Segment Open

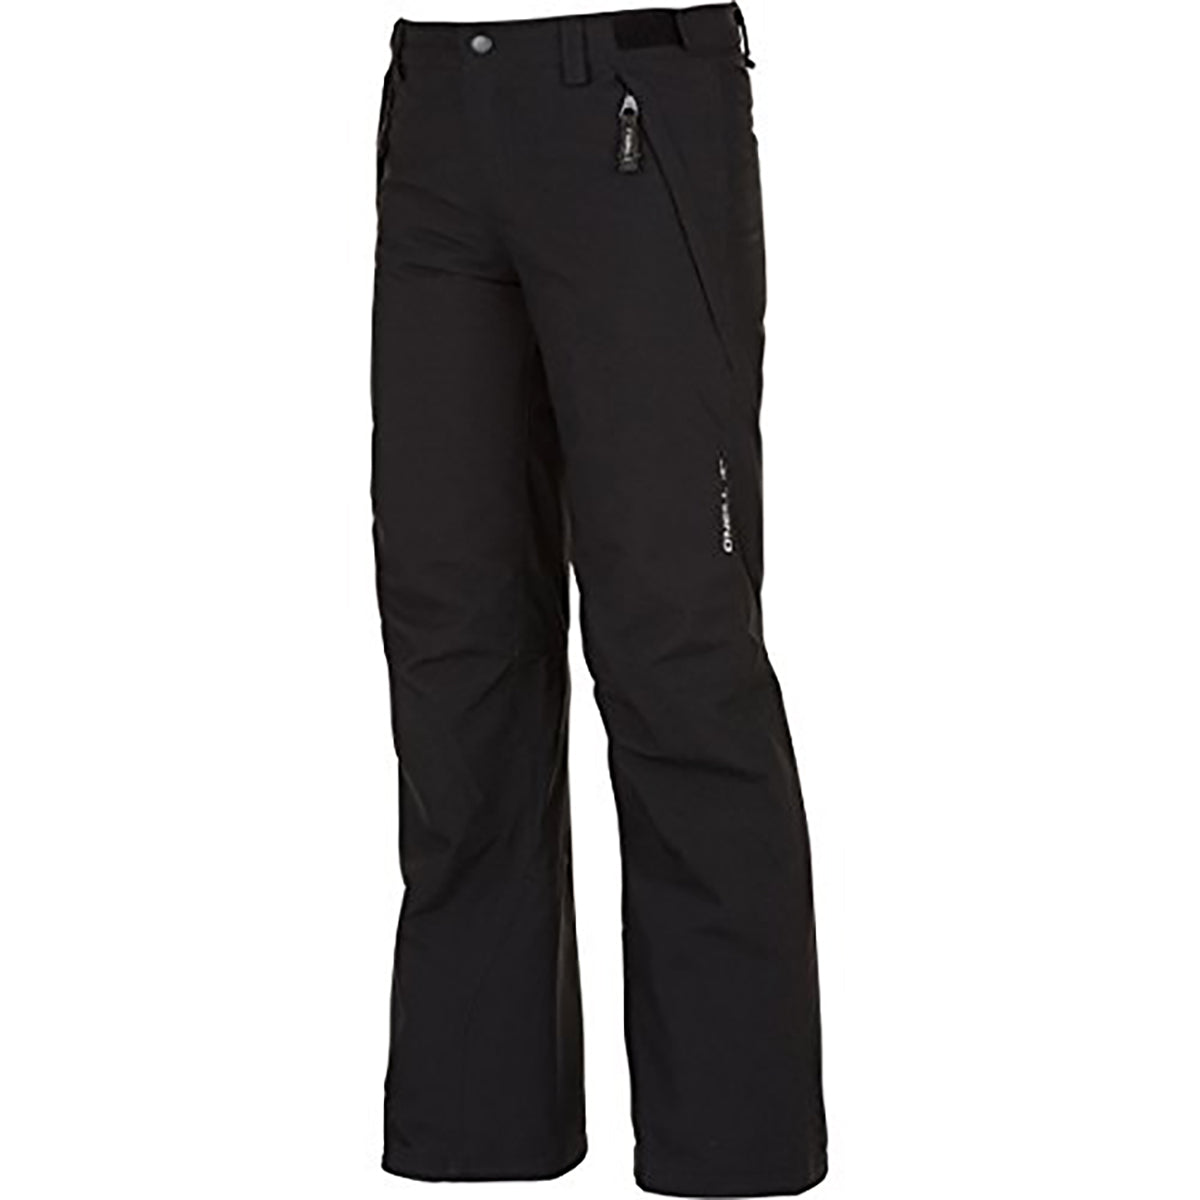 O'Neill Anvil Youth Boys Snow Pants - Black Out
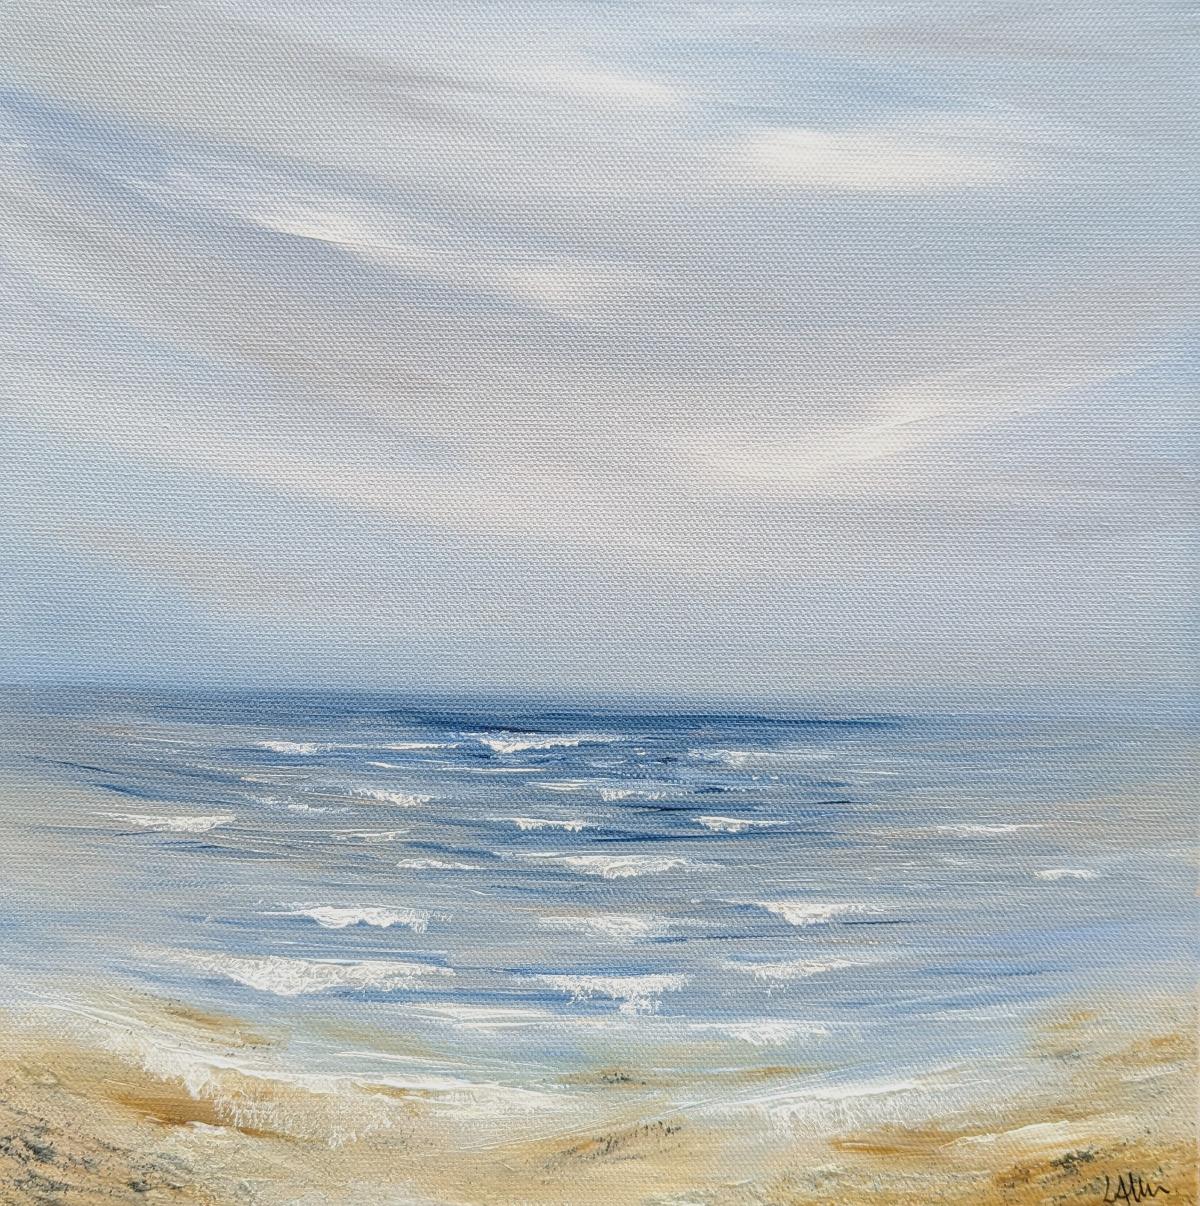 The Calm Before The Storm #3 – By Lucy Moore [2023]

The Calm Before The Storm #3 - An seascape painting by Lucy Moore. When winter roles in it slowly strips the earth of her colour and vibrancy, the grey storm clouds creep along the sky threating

Segment Closed

## What is required
Down to the final line, restate the material above word for word, but omit its pictures.

## Result for this task
 O'Neill Anvil Youth Boys Snow Pants - Black Out
 The Calm Before The Storm #3 – By Lucy Moore [2023]

The Calm Before The Storm #3 - An seascape painting by Lucy Moore. When winter roles in it slowly strips the earth of her colour and vibrancy, the grey storm clouds creep along the sky threating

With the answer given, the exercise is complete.